Orçamento parado: o follow-up que recupera o paciente que pediu valor e sumiu

Orçamento parado é a maior fonte de dinheiro esquecido dentro de uma clínica. O paciente sentou na cadeira, ouviu o plano de tratamento, recebeu o valor e foi embora dizendo que ia pensar. E ninguém nunca mais falou com ele. O follow-up de orçamento parado é o que separa a clínica que fatura do que ela já tem do dono que vive reclamando que o movimento está fraco.

Pensa no seu próprio negócio. Quantos orçamentos você passou nos últimos 90 dias que simplesmente sumiram? Multiplica pelo ticket médio. Esse número é dinheiro que estava na mão e escorreu, não por falta de paciente novo, mas por falta de processo pra cuidar de quem já demonstrou interesse.

Por que o paciente pede o orçamento e some

Na cabeça de quem está atrás do balcão, o silêncio do paciente parece um “não”. Quase nunca é. Na maioria das vezes é medo, é prioridade que mudou, é o boleto do mês que apareceu, é a esposa que precisa aprovar, é a agenda corrida. O “vou pensar” raramente significa “não quero”. Significa “não agora, do jeito que está”.

O erro clássico da clínica é tratar esse paciente como perdido no dia seguinte. A pessoa saiu interessada o suficiente pra pedir um valor. Isso é um lead quente. Mas como ninguém volta a falar com ele, ele esfria, esquece, e seis meses depois fecha o mesmo tratamento na clínica do concorrente que mandou uma mensagem na hora certa.

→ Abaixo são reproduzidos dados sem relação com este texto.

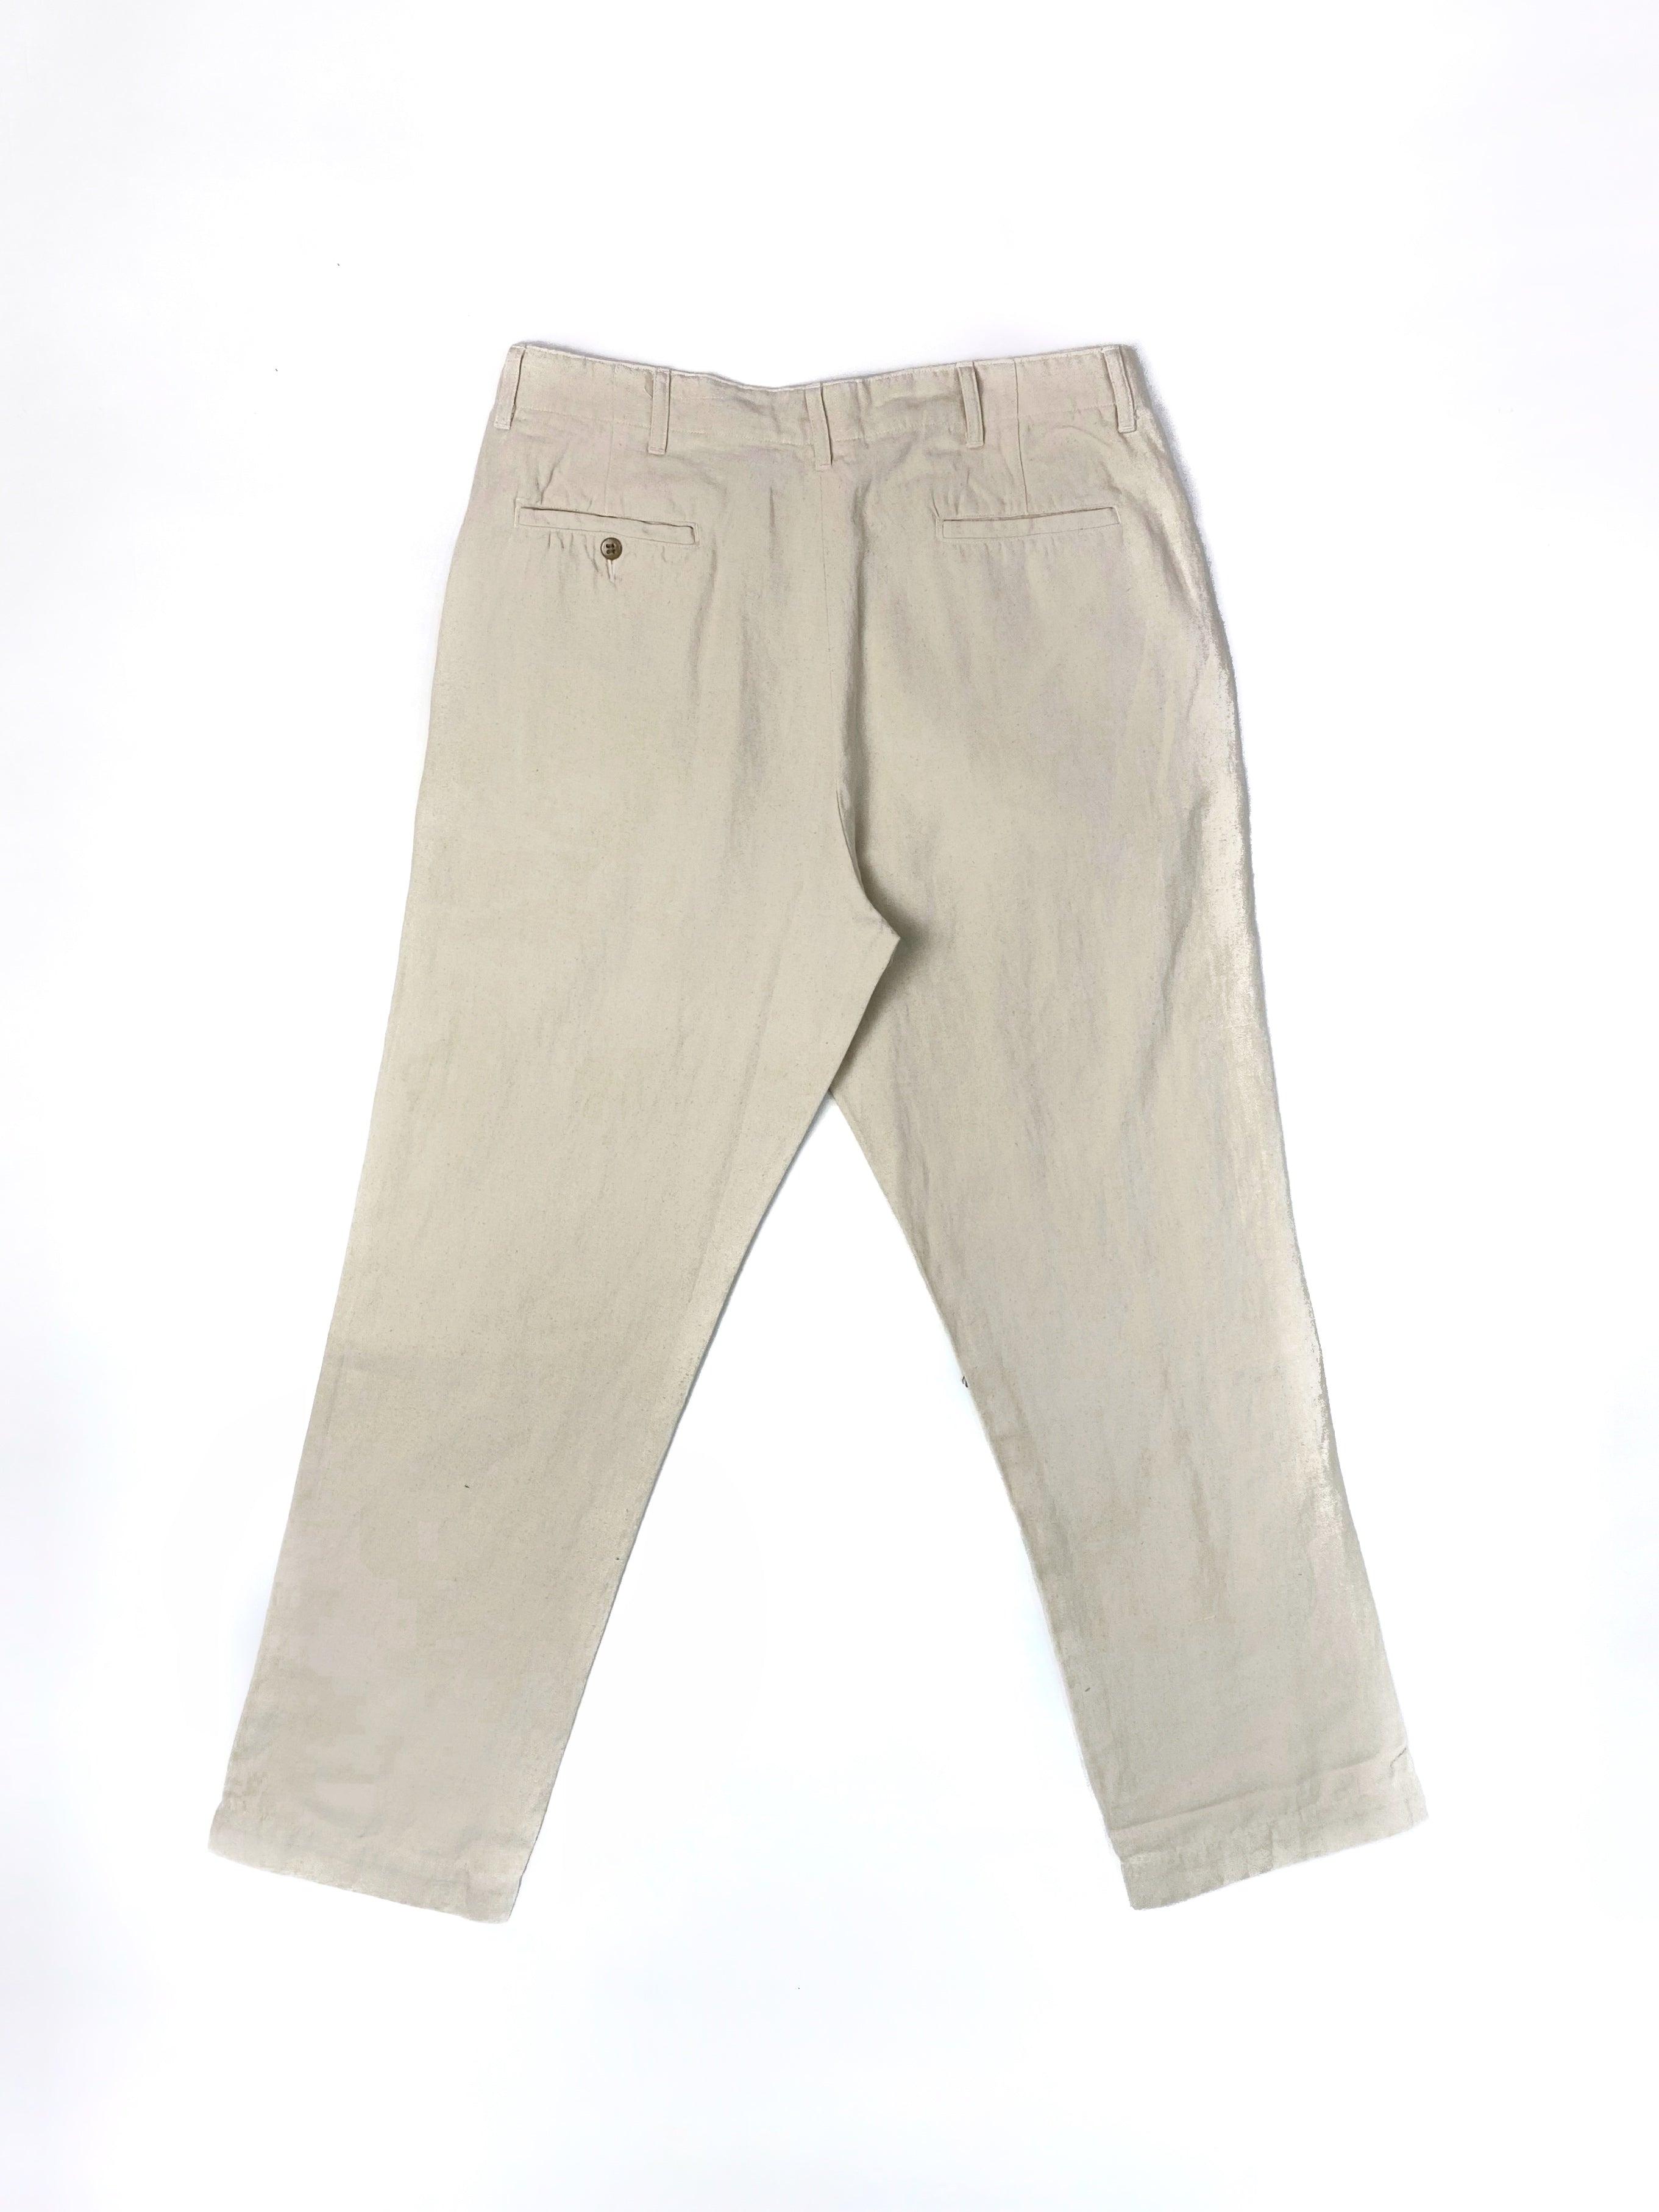 Pleated Cotton/ Linen Chinos | Unbleached

O follow-up de orçamento parado não é insistência

Tem dono de clínica que tem pavor de fazer follow-up porque acha que vai parecer desesperado. Vai parecer desesperado se você ligar todo dia perguntando “e aí, vai fechar?”. Não vai parecer nada se você construir um motivo legítimo pra voltar a falar.

A diferença é simples. Cobrança fica em cima da decisão do paciente. Follow-up bom entrega alguma coisa: tira uma dúvida que ficou no ar, manda um caso parecido com o dele, avisa de uma condição de parcelamento que abriu, oferece uma reavaliação sem custo. Você não está atrás do “sim”. Você está cuidando.

Um roteiro que funciona na clínica costuma ter três toques. O primeiro em 48 horas, pra reforçar o que foi conversado e abrir espaço pra dúvida. O segundo em uma semana, com prova (depoimento, antes e depois autorizado, explicação de como o tratamento resolve o problema dele). O terceiro depois de uns 15 dias, com uma condição real e prazo. Três toques espaçados, cada um agregando, não três cobranças coladas.

Quem faz o follow-up importa mais do que você pensa

Na maioria das clínicas a recepção está sobrecarregada e o follow-up de orçamento é a primeira coisa que cai quando o dia aperta. Resultado: ninguém faz. Se o seguimento não tem dono e não tem horário marcado na rotina, ele não acontece.

Define uma pessoa responsável. Define um momento fixo do dia pra isso (meia hora de manhã resolve a maioria das clínicas). E registra: quem pediu orçamento, qual o valor, qual o tratamento, em que toque está. Pode ser uma planilha, pode ser o CRM, pode ser uma agenda. O que não pode é depender da memória de quem está no balcão entre um paciente e outro.

Quando a clínica organiza isso, a taxa de fechamento de orçamento parado costuma subir bastante sem nenhum centavo a mais em anúncio. É o lead mais barato que existe: você já pagou pra trazer essa pessoa, ela já veio, já se interessou. Só falta concluir.

O follow-up que recupera começa antes do paciente sair

A melhor hora de preparar o seguimento é enquanto o paciente ainda está na sua frente. Pergunta o que ele precisa pra tomar a decisão. Combina o próximo contato (“posso te chamar na quinta pra ver se ficou alguma dúvida?”). Pega o melhor canal pra falar com ele. Assim, quando você voltar, não é do nada, é uma conversa que já estava combinada.

E quando o paciente disser que não vai fazer agora, não apaga. Coloca numa lista pra retomar em 60, 90 dias. Tratamento que não fechou hoje pode fechar quando a prioridade dele mudar, e quem estiver presente nessa hora ganha.

Para quem fechar e passar a faltar nas sessões, o mesmo princípio vale. Orçamento parado e paciente que sumiu no meio do tratamento são o mesmo problema: dinheiro que já estava decidido e ficou pela metade por falta de alguém pra puxar.

Olha hoje quantos orçamentos da sua clínica estão parados sem ninguém ter voltado a falar. Esse é o faturamento que está esperando você ir buscar antes de gastar um real atraindo gente nova.